The science of a long life

Bombarded with adverts promising a longer, healthier life, BBC News Los Angeles correspondent Peter Bowes goes in search of eternal youth. If we are lucky, we will grow old. Most of us have grey hair, wrinkles, frailty, loss of memory and degenerative diseases to look forward to – if we do not have them already.
 
It is not all bad news. With ageing, we can acquire wisdom and often become more emotionally stable and at ease with life. But the downsides seem to far outweigh the perks.
 
California epitomises a society where everyone wants to be young, attractive and vibrant. Being old, looking old, acting old is not an option, so much so that after many years operating as the University of California’s Ageing Centre, in Los Angeles, the name was changed to Longevity Center, to "give it a more positive spin," according to its director, Dr Gary Small.
 
"Ageism – prejudice against old age – is a tremendous problem," says Dr Small.
 
"People need to understand that older people are just people. As soon as you understand that, you can get over that ageism and that fear.

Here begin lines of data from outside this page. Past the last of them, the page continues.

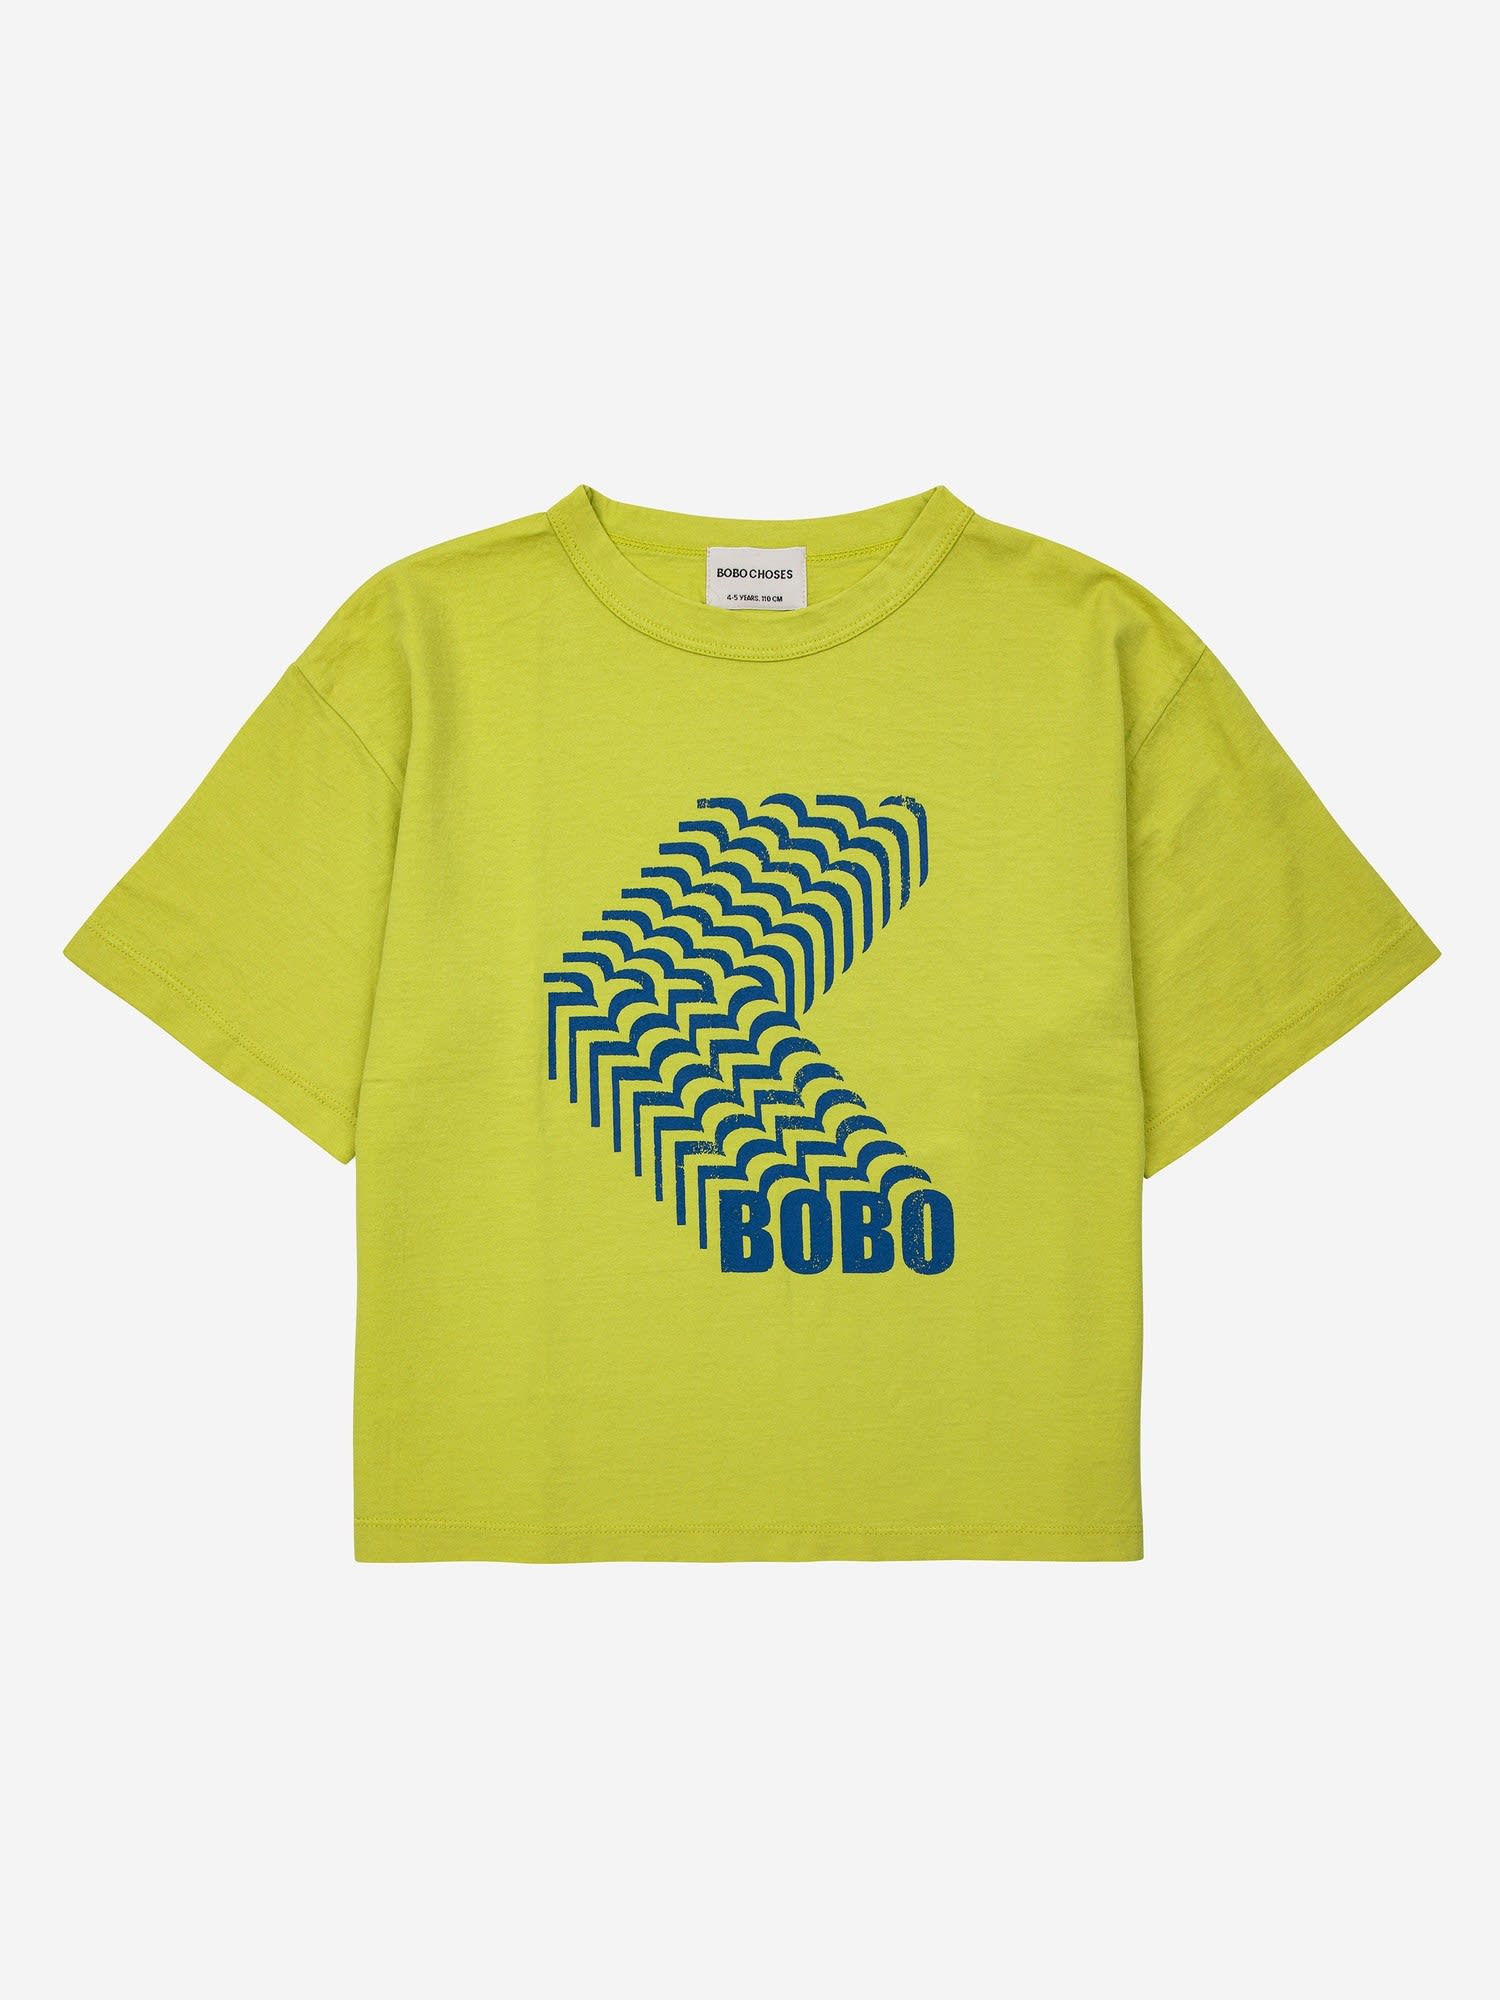 Bobo Choses Green T-shirt For Kids With Blue Print
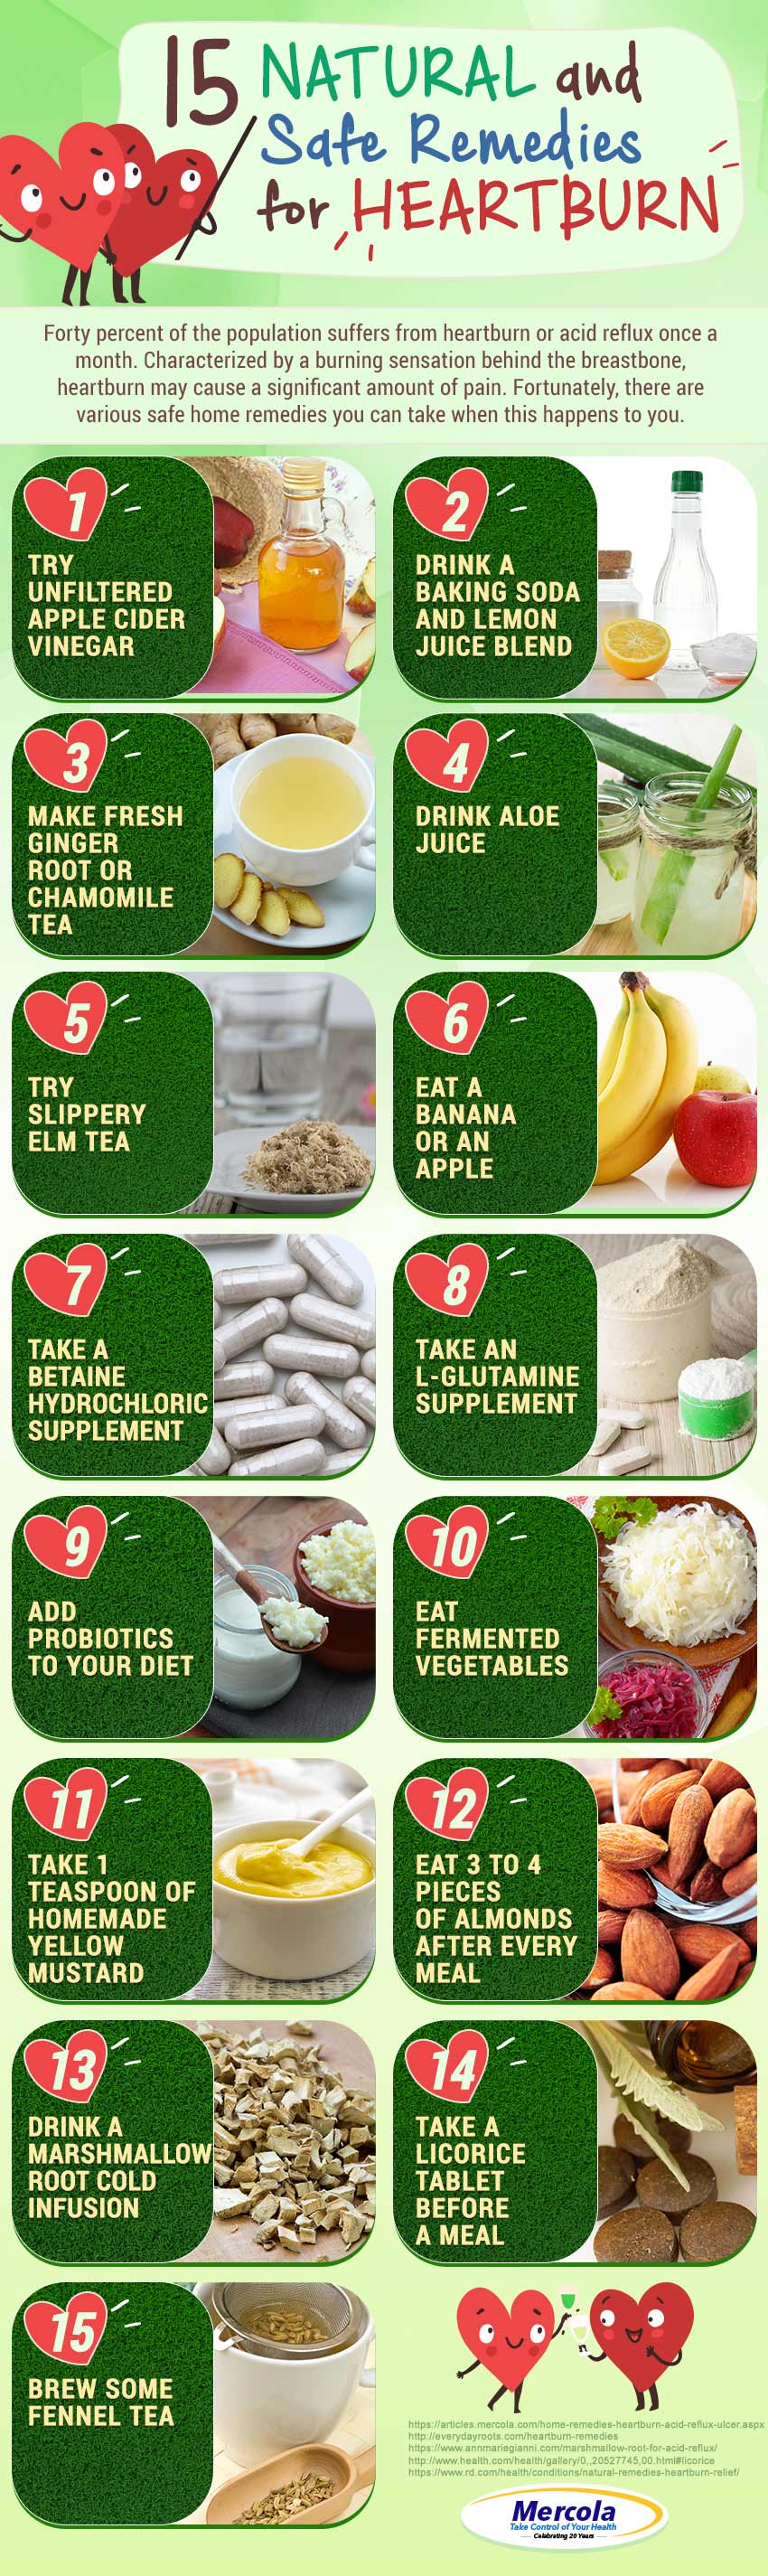 15 natural and safe remedies for heartburn
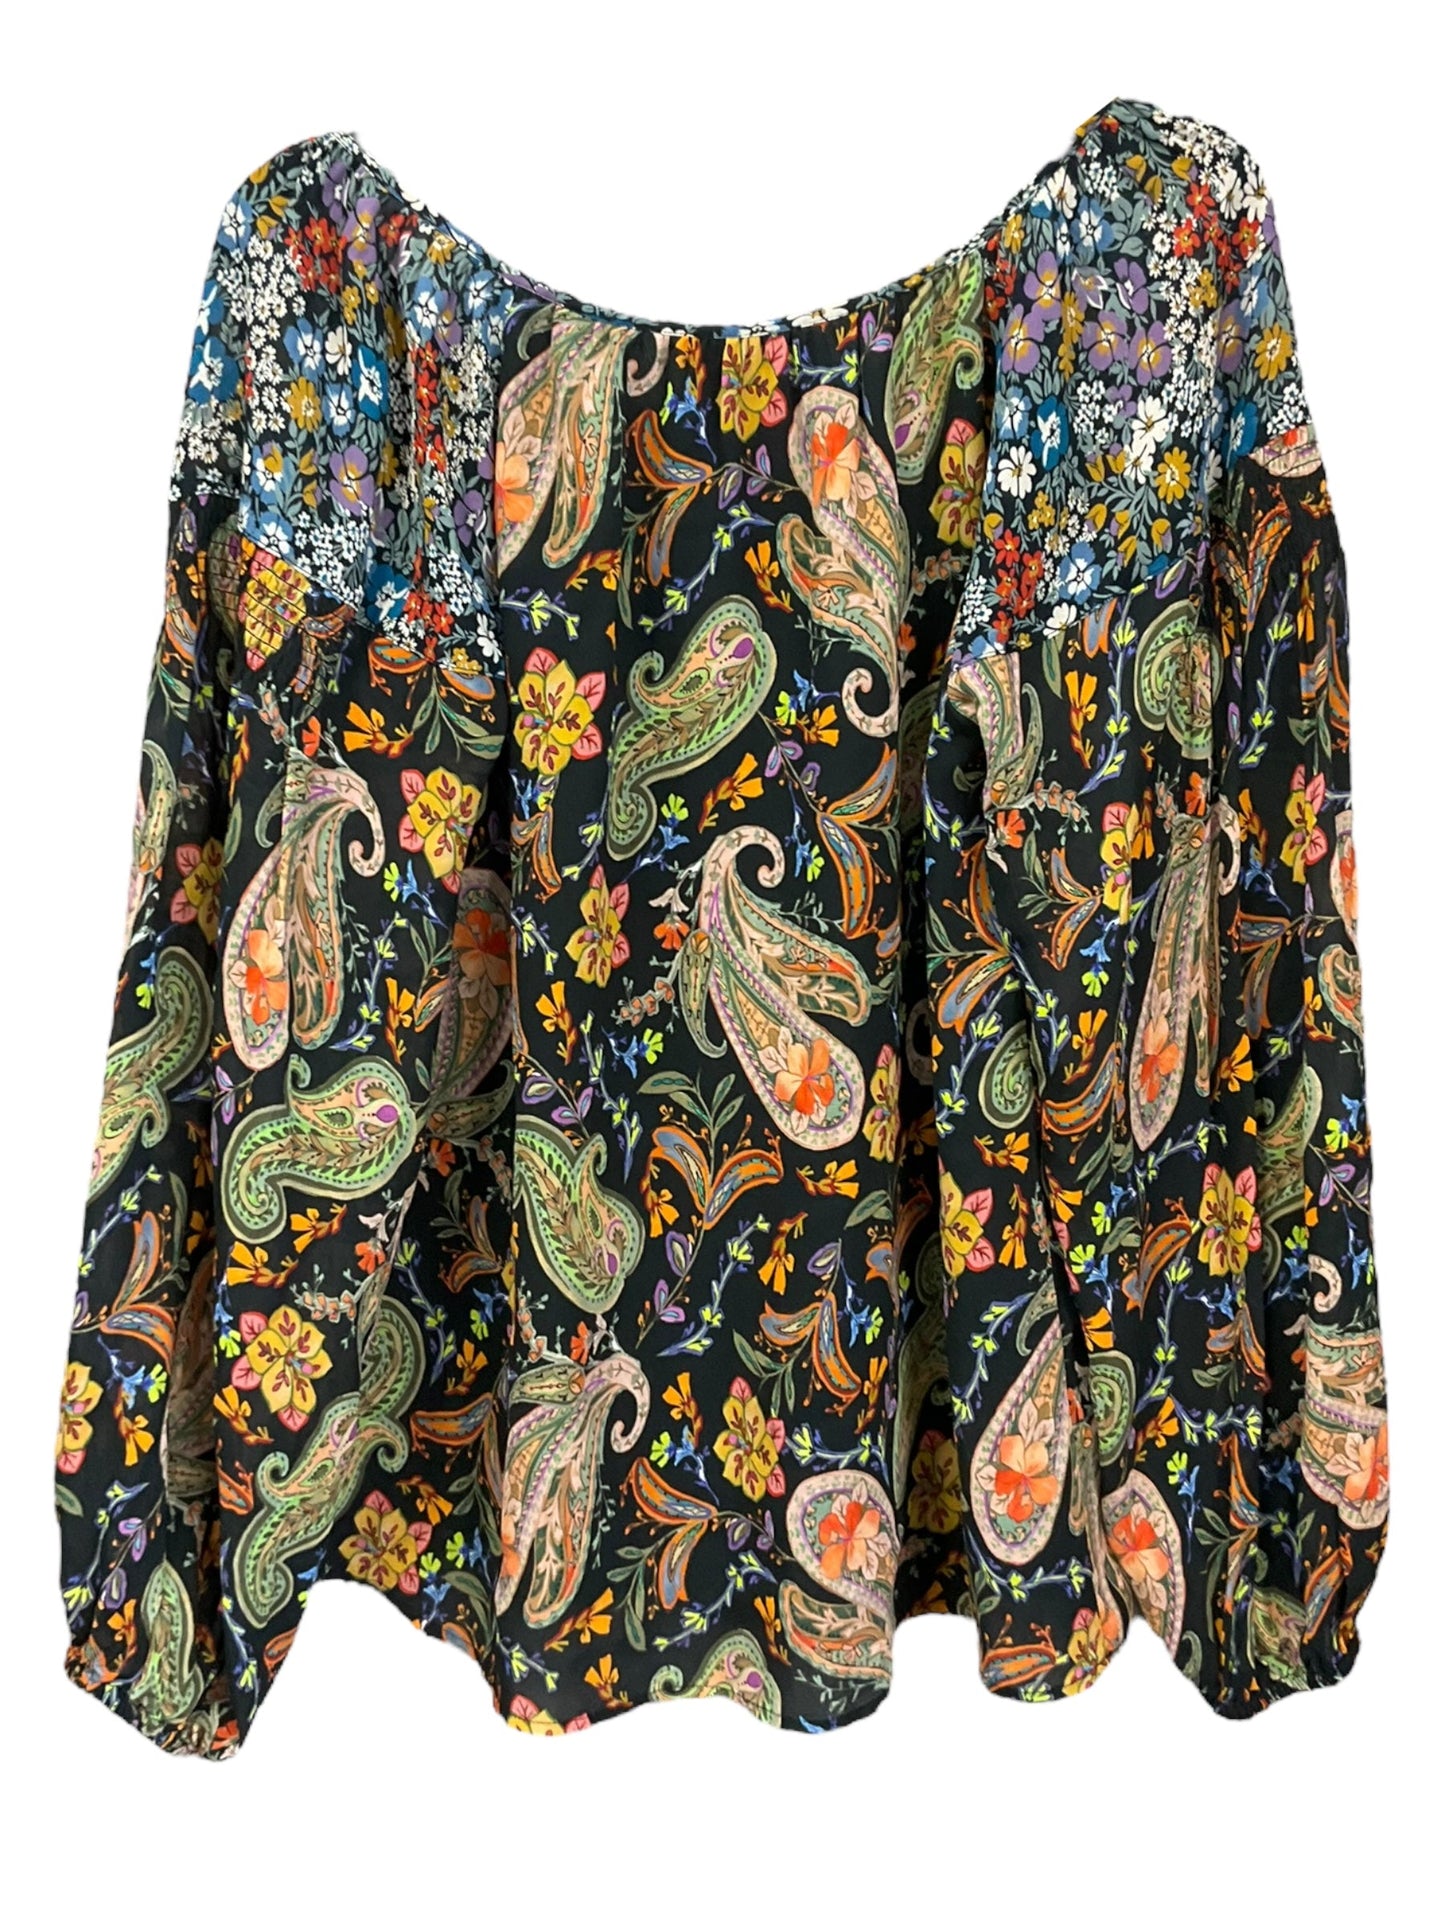 Floral Print Top Long Sleeve Johnny Was, Size S
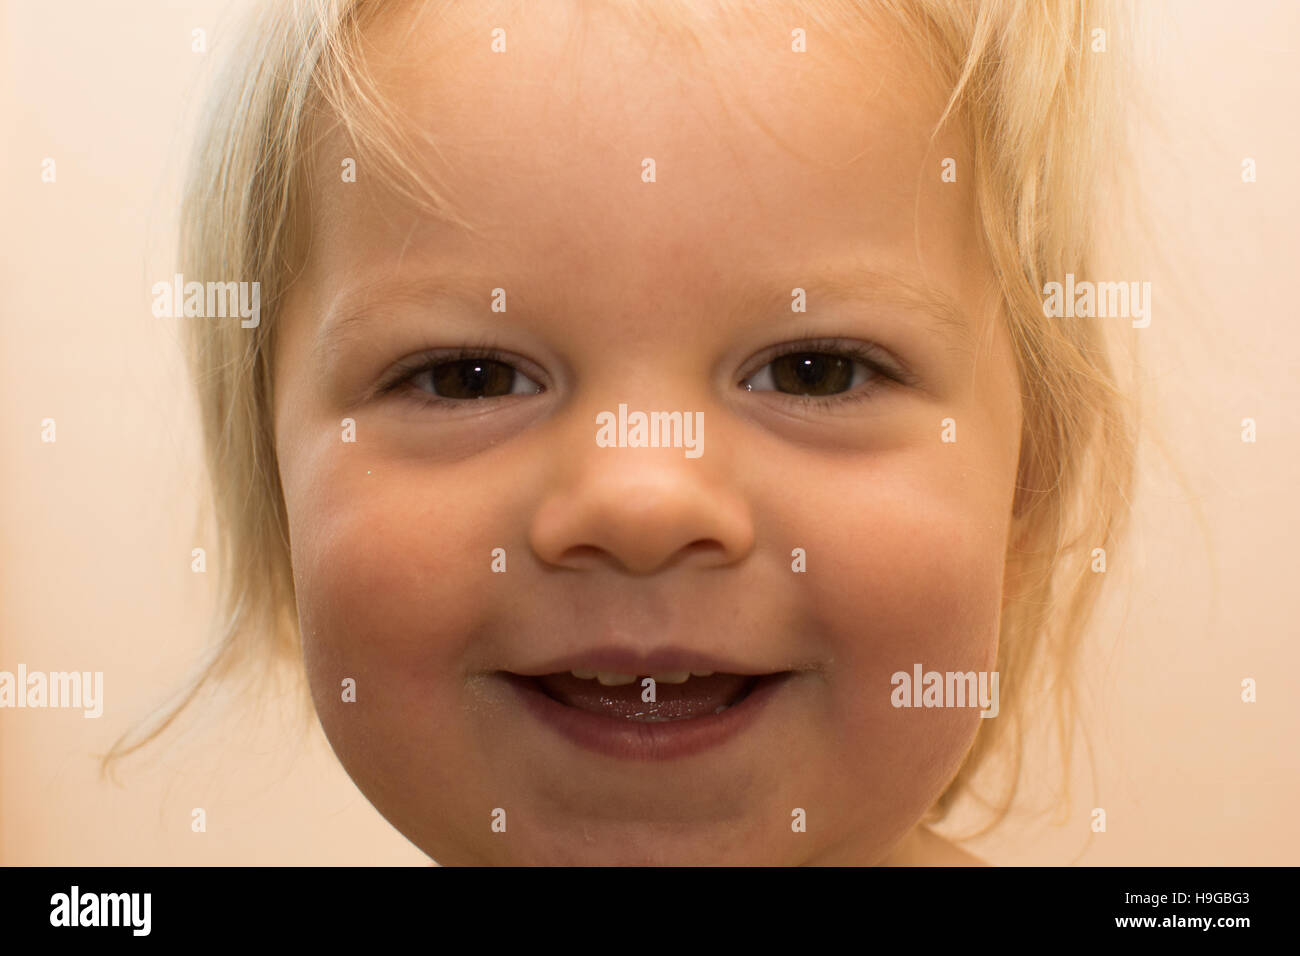 1 year old blond girl looking directly into camera with cheeky grin and brown eyes Stock Photo

Part of it is our own fear of death and of ageing ourselves, so we want to deny that natural process," he says.
 
Scientists have long been searching for the key to a long and healthy life and experiments can throw up unlikely results.
 
A stress-free existence is often put forward as recipe for a long life, but a study by Dr Lewis Terman at Stanford University in 1921 refutes many commonly held beliefs about lifestyle and lifespan. It followed the lives of about 1,500 people from childhood to death and set out to match behavioural traits and actual life events with how individuals thrived in later years.